9. Open-source models for internal tasks (~20% savings for those tasks)
For internal tools and batch processing, running open-source models locally can be cheaper than API calls:
# Run Llama 3 70B locally
ollama run llama3:70b
# Or use a cloud GPU
# T4 GPU: ~₹30/hour, serves ~500 requests/hour
# Cost: ₹0.06 per request vs ₹0.30 for Sonnet
Where it works: Internal code review, batch document processing, data extraction, classification at scale.
Where it doesn’t: Customer-facing agents, complex tool use, tasks requiring high reliability.
My setup: API models for customer-facing, Llama 3 70B (via Ollama) for internal batch jobs. This cut my API bill by 20%.
10. Prune unused tools (~5% savings and reliability)

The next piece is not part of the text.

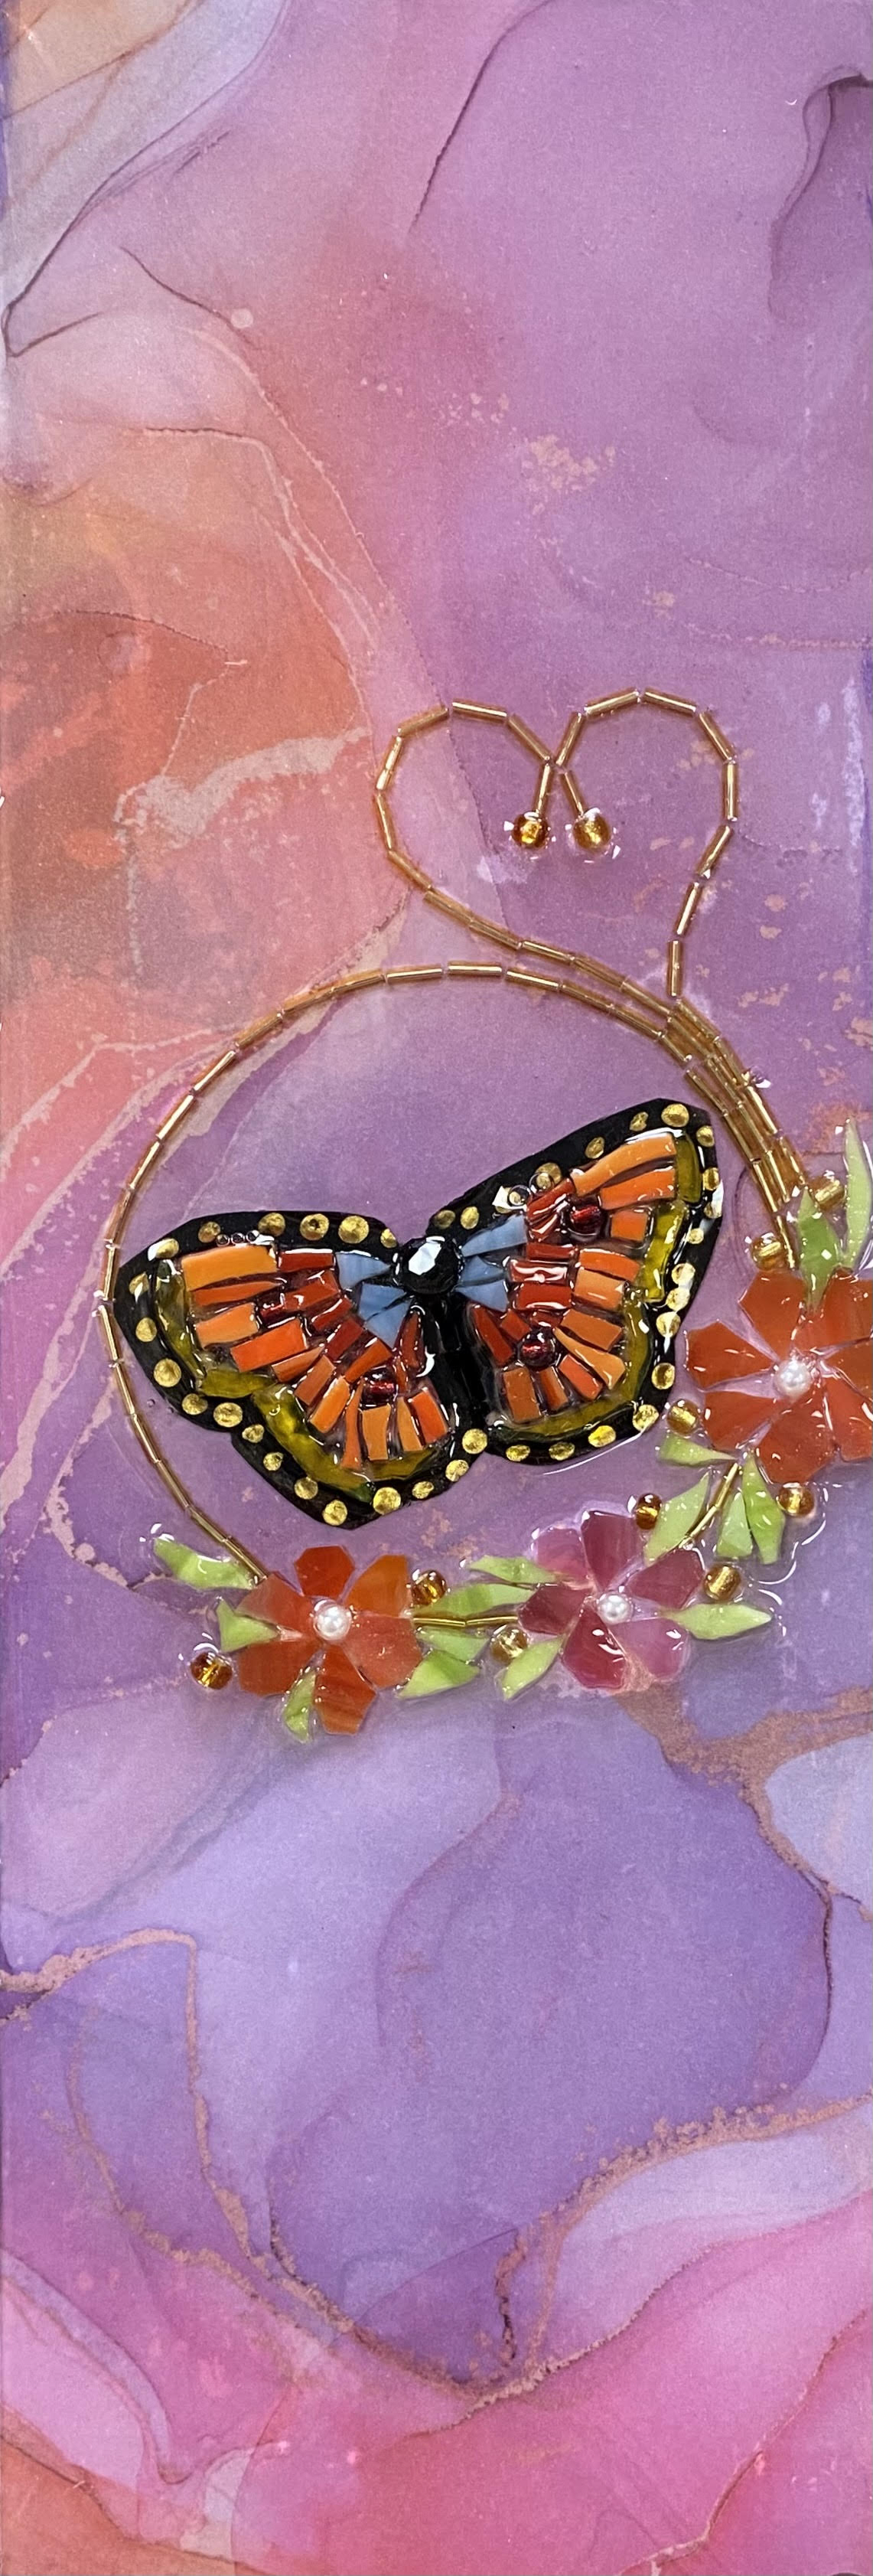 Amy Hahn's Butterfly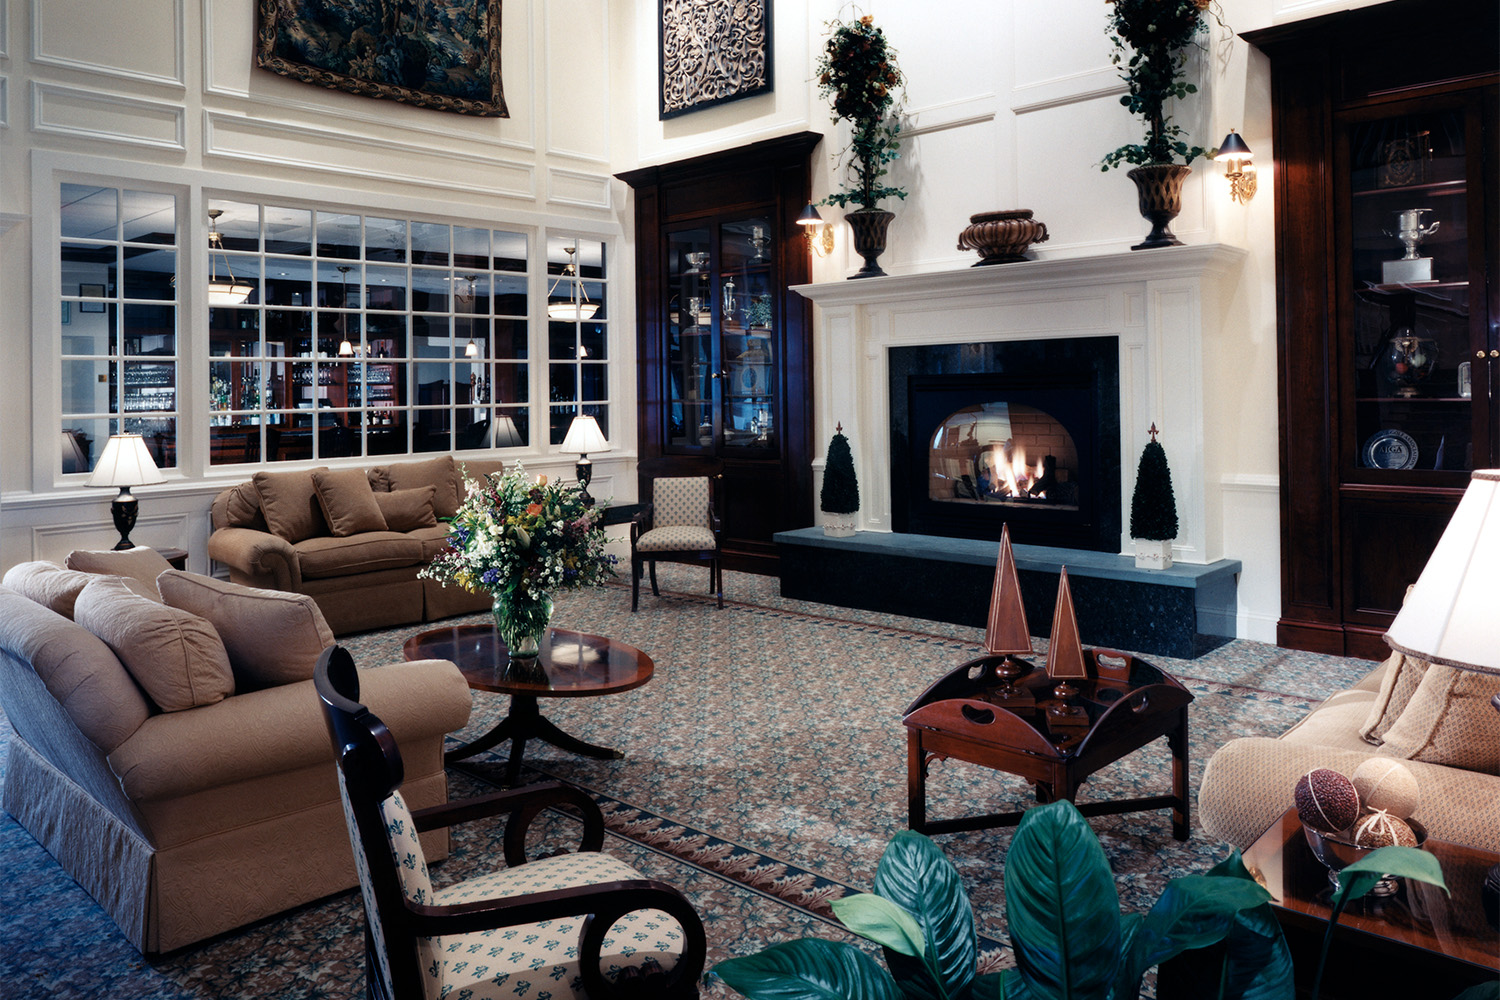 lounge area of clubhouse with several windows, and a fireplace in the center

Every tool you give an agent increases the prompt size (tools are serialized into the prompt) and adds decision complexity:
# Before: 15 tools, each with detailed descriptions
ALL_TOOLS = [
read_file, write_file, list_directory, search_files,
run_command, install_package, run_tests, build_project,
search_web, fetch_url, scrape_page, call_api,
query_database, send_email, create_ticket
] # ~2,500 tokens of tool definitions
# After: Only the tools this agent actually uses
CORE_TOOLS = [
read_file, write_file, run_command, search_files
] # ~600 tokens of tool definitions
Expected savings: 5-10% reduction in input tokens per call. More importantly: fewer tools means fewer wrong tool choices. The agent doesn’t accidentally call send_email when it meant write_file.
Related: AI agent error handling patterns — retry strategies, cost spikes, and graceful degradation for production agents.
If you can only implement two strategies today, make it semantic caching and model tiering. Those two alone will save 40-50% with zero quality impact. Add the rest as your agent scales and you identify specific cost drivers. Most importantly, track your costs before and after — the numbers will tell you which optimization to tackle next.